Он покончил с боксом из-за Стины. Да, опасный смысл в ее стихотворении он увидел зря — и все- таки по-прежнему был уверен, что в один прекрасный день таинственные силы, питавшие их неистощимый сексуальный пыл, превращавшие их в любовников до того необузданных, что Стина, по-неофитски соединяя самолюбование с самоиронией, на среднезападный манер окрестила их 'парочкой психов', растворят в воздухе его маску прямо у нее на глазах. Как это произойдет, можно ли этому помешать — он не знал. Но бокс тут явно был ни к чему. Узнай она про Силки Силка, сразу же возникли бы вопросы, которые неминуемо навели бы ее на истину. Она знала, что в Ист-Ориндже у него живет мать, дипломированная медсестра и благочестивая прихожанка, что у него есть старший брат, который начал преподавать в седьмых и восьмых классах школы в Асбери-Парке, и сестра, которая скоро получит учительский диплом в Монтклэре, и что раз в месяц их воскресная любовь на Салливан-стрит должна кончиться раньше, потому что Коулмена ждут в Ист-Ориндже к обеду. Она знала, что его отец был оптиком — оптиком, и только, — и даже что Кларенс Силк родился в Джорджии. Коулмен старался не давать ей повода сомневаться в правдивости его рассказов, и, бросив бокс навсегда, он избавился от необходимости лгать даже в этом. Он вообще ни разу Стине не солгал. Он только следовал указанию, которое дал ему док Чизнер по пути в Уэст-Пойнт: если не спросят, сам не говори. Эта тактика уже провела его через флотскую службу.

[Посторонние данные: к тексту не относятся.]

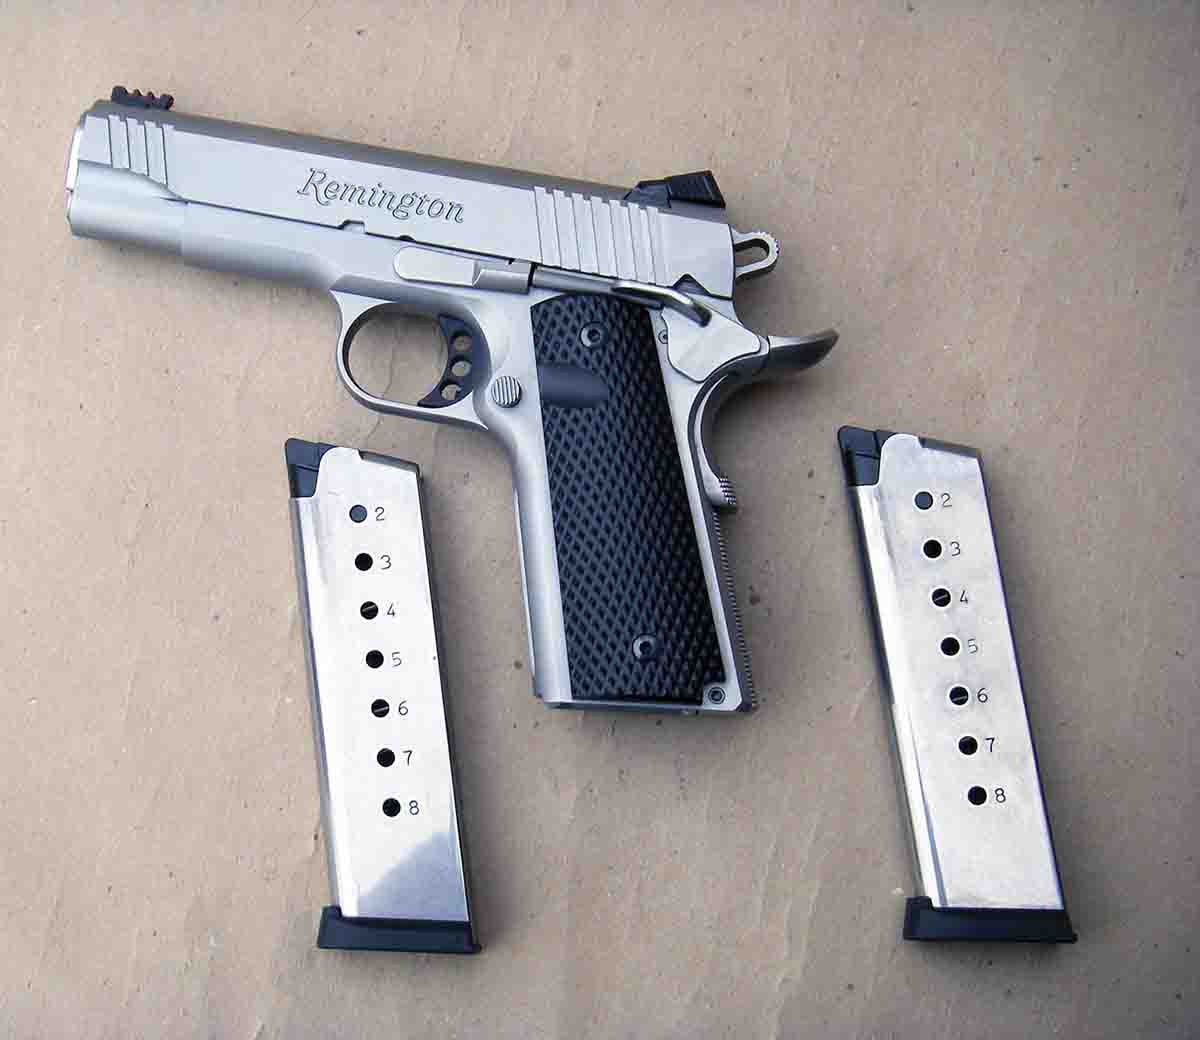 The Remington Model 1911R1S Enhanced Commander comes standard with two eight-round magazines.

Решение взять ее с собой в Ист-Ориндж на воскресный обед, как и все его теперешние решения — даже послать молча подальше Солли Табака и прихлопнуть соперника в Сент-Никс в первом же раунде, — было плодом его, и только его, размышлений. Они встречались почти два года, Стине было двадцать, ему двадцать четыре, и он не мог уже себе представить, что идет по Восьмой улице или по жизни без нее. Ее ровное, ничем не примечательное поведение по будням, сменяющееся каждый уик-энд диким всплеском страстей, — а поверх всего ее американское, вспыхивающее электрической лампочкой девическое сияние, ее прямо-таки сверхъестественная по силе телесная лучезарность — все это поразительным образом подавляло безжалостно-независимую волю Коулмена: Стина не только отлучила его от бокса и свела на нет дерзкий сыновний вызов, выразившийся в превращении Коулмена в непобедимого Силки Силка, но и освободила его от влечения к кому-либо еще.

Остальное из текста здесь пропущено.